TokenStats TokenStats
// Truncated indicates whether some documents were dropped.
Truncated bool
}
PackedResult contains the result of packing documents.
type Packer ¶
type Packer struct {
// contains filtered or unexported fields
}
Packer packs documents into a context window within token limits.
func (*Packer) Pack ¶
Pack packs documents into a context string within token limits. Documents are packed atomically - either fully included or dropped.
func (*Packer) PackScored ¶
func (p *Packer) PackScored(ctx context.Context, docs []schema.ScoredDocument) (PackedResult, error)
PackScored packs ScoredDocuments using their scores for importance ordering.
func (*Packer) PackWithScores ¶
func (p *Packer) PackWithScores(ctx context.Context, docs []schema.Document, scores []float64) (PackedResult, error)
PackWithScores packs documents with optional scores for importance ordering. If scores is nil or empty, the default strategy ordering is used.
type PackingStrategy ¶
type PackingStrategy interface {
// Name returns the strategy name for logging and debugging.
Name() string
// Order returns documents in the order they should be packed.
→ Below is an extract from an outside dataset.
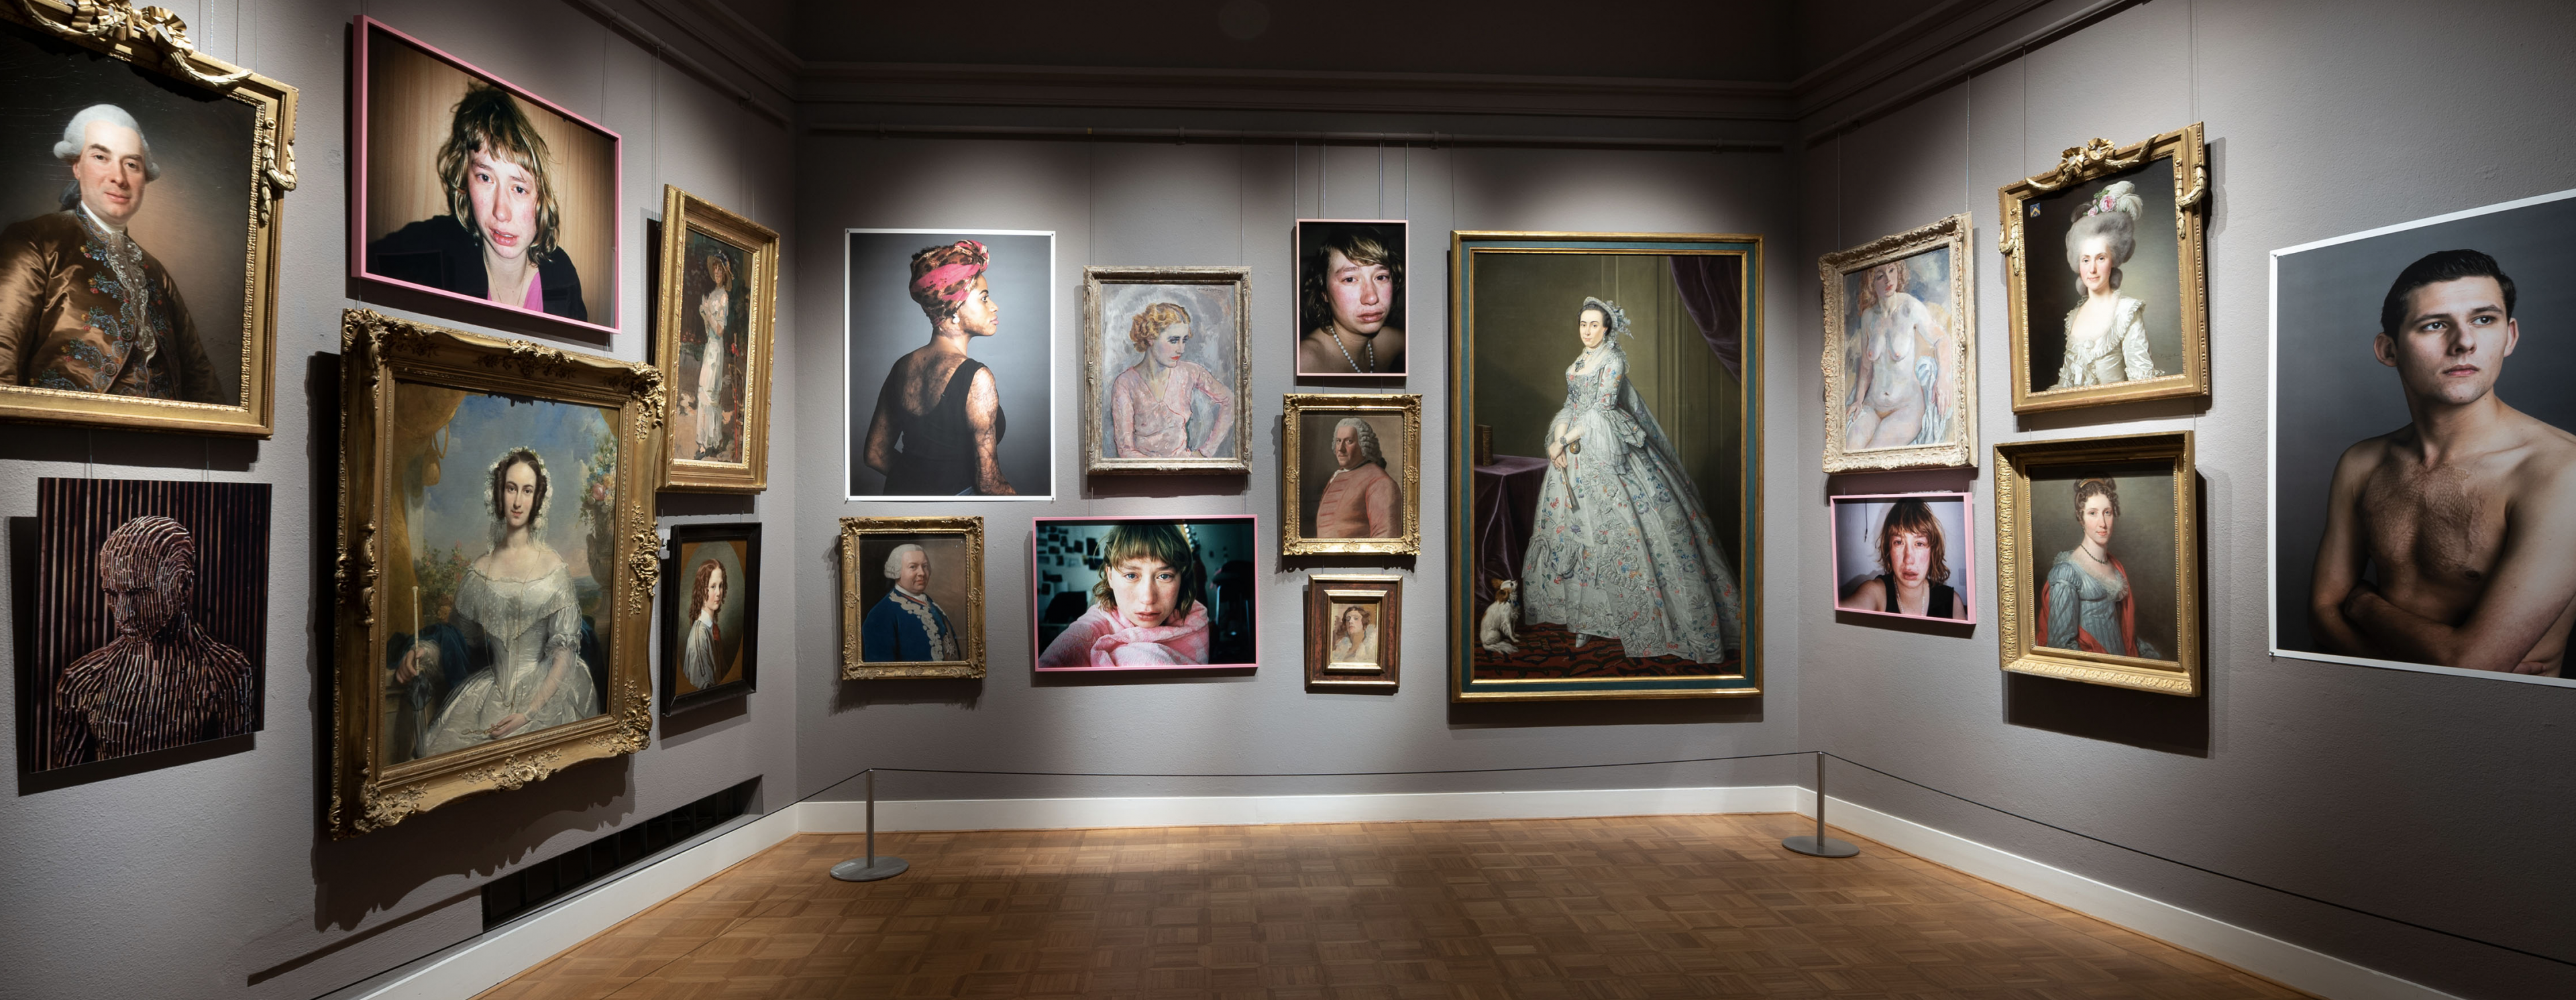 A good example of an art collection of contemporary and classical 'portraits' in the Rijksmuseum van Twente

Order(docs []schema.Document, scores []float64) []schema.Document
}
PackingStrategy defines how documents are ordered before packing.
type TokenStats ¶
type TokenStats struct {
// TotalTokens is the total tokens used in the packed content.
TotalTokens int
// MaxTokens is the maximum allowed tokens.
MaxTokens int
// DocumentsConsidered is the number of documents evaluated.
DocumentsConsidered int
// DocumentsPacked is the number of documents that fit.
DocumentsPacked int
}
TokenStats holds token usage statistics.